Quantos são e quem são os usuários online?
Qual o tempo médio de navegação por usuário?
Quais são os horários de maior atividade?
Qual o máximo de usuários navegando simultaneamente?

Os procedimentos utilizados no Sistema Monitor aqui descrito não são necessariamente os melhores em código ou performance. São, no entanto, o que considerei (segundo meu próprio julgamento) ao alcance da maioria dos usuários. Aqueles que esperam apenas “código mastigado” dificilmente farão proveito desse artigo. Um outro detalhe importante é que estou fazendo uso do Global.asa. Mais tarde vou escrever uma adaptação para quem não pode utilizar global.asa (normalmente em hospedagem gratuita).

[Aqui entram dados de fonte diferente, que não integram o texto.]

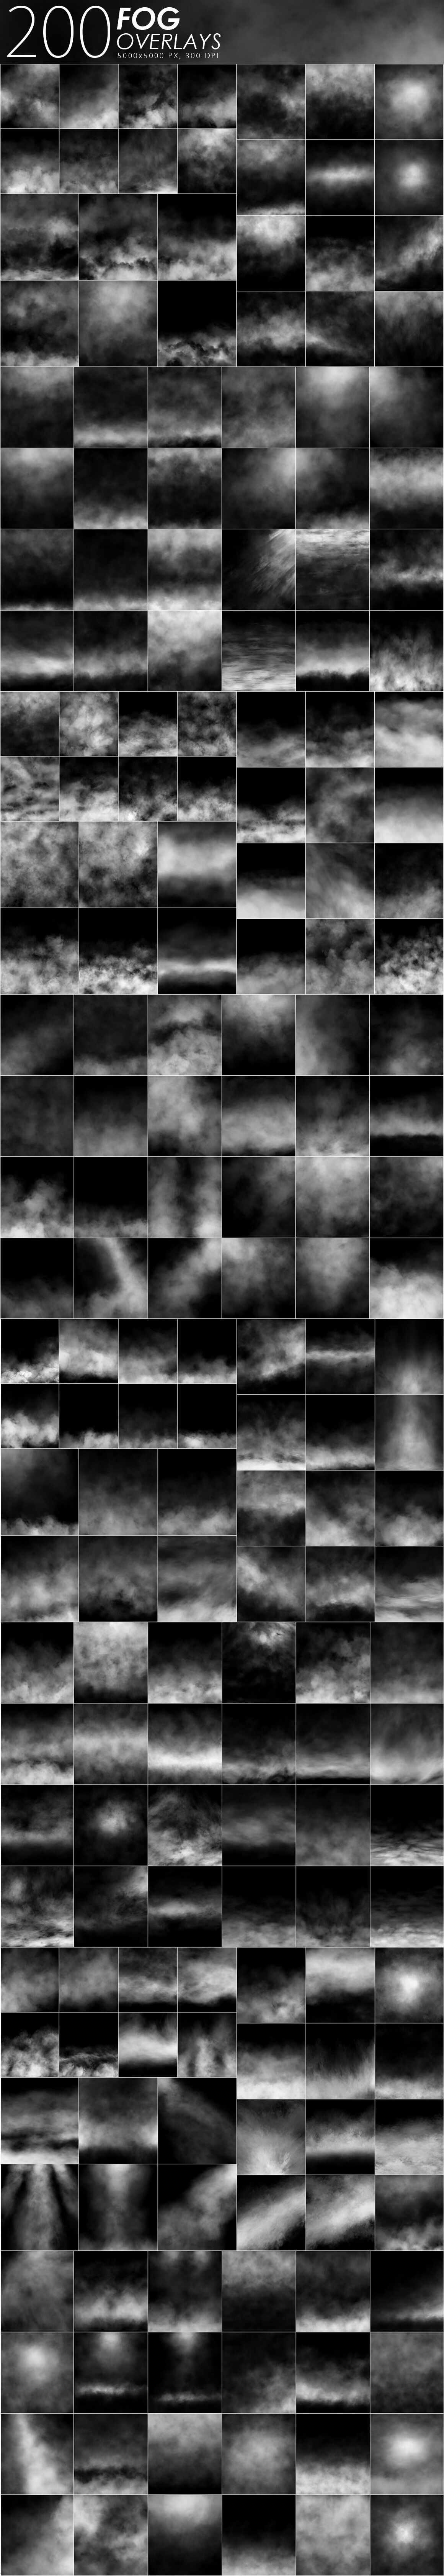 1500+ VFX Overlays Bundle By ArtistMef | TheHungryJPEG com

O primeiro ponto a ser abordado será a contagem, pura e simples, dos usuários online. Isso é possível através das “Subs” Session_OnStart e Session_OnEnd (no global.asa), conforme descrito abaixo. Inicialmente você deverá ter definido uma variável Application no Application_OnStart

Sub Application_OnStart
    Application(”Max”) = 0
    Application(”OnlineVisit”) = 0
End Sub


Sub Session_OnStart
    Application(”OnlineVisit”) = Application(”OnlineVisit”) + 1
    if Application(”OnlineVisit”) > Application(”Max”) then
         Application(”Max”) = Application(”OnlineVisit”)
    End if
End Sub


Sub Session_OnEnd
    Application(”OnlineVisit”) = Application(”OnlineVisit”) - 1
End Sub


Session_OnStart é executada a cada vez que uma sessão é iniciada, o navegador é “instanciado”. A Session_OnEnd é executada a cada encerramento de sessão, e isso pode ocorrer de 2 maneiras.

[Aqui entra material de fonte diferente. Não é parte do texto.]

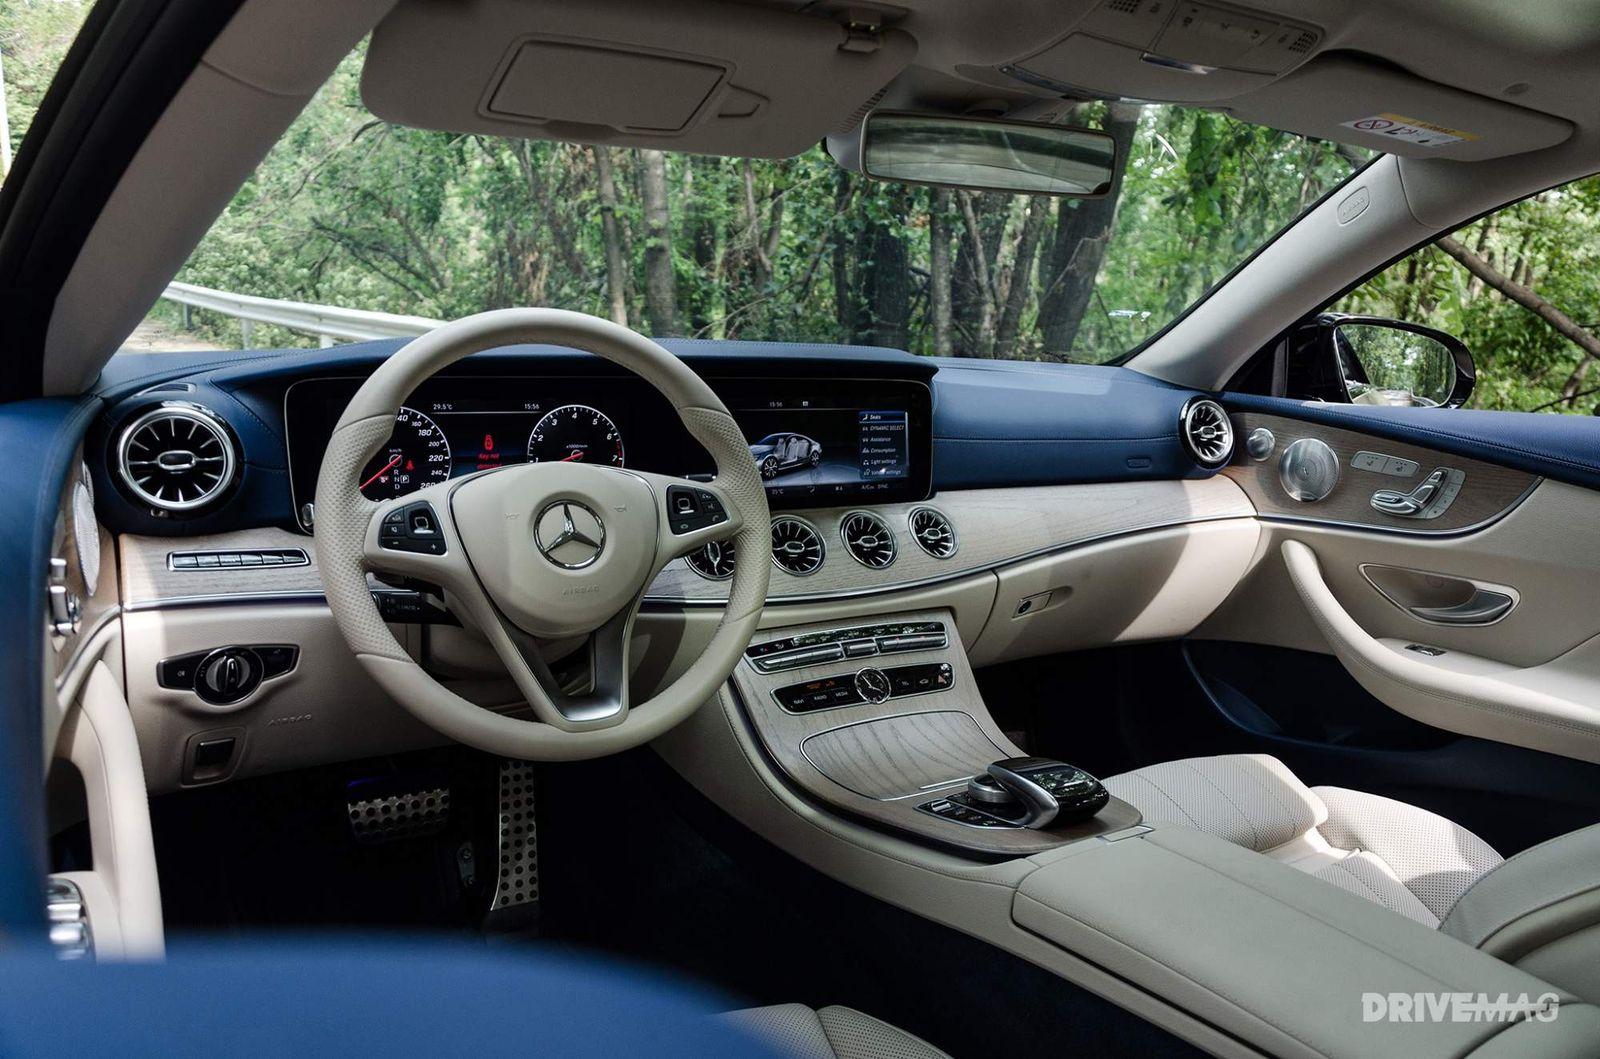 2017 Mercedes-Benz E-Class E 400 4MATIC Coupé review

a)     Através de Session.Abandon. Se existe um botão “fim” e o desenvolvimento foi correto, haverá uma “chamada” a Session.abandon. O navegador será fechado, ou haverá redirecionamento para página padrão…

b)     Não ocorreu nenhum “request” nos últimos “n” minutos, sendo “n” o valor de Session.TimeOut. é muito utilizado por quest?de segurança, e o valor padrão é 20 (minutos). Se o usuário simplesmente fechar o navegador (como normalmente acontece), a sessão expirará pelo tempo, e Session_OnEnd será executada.

Até aqui podemos saber, com uma pequena margem de erro (podemos até mesmo desconsiderar, uma vez que o s servidor precisa tratar a sessão até sua expiração) o número de usuários online, mas ainda não podemos saber QUEM são eles.

Esse é o segundo ponto, e para isso vamos utilizar uma tabela de um banco de dados, lembrando que não é necessariamente a melhor opção quanto à performance, mas sim quanto ao entendimento, à didática.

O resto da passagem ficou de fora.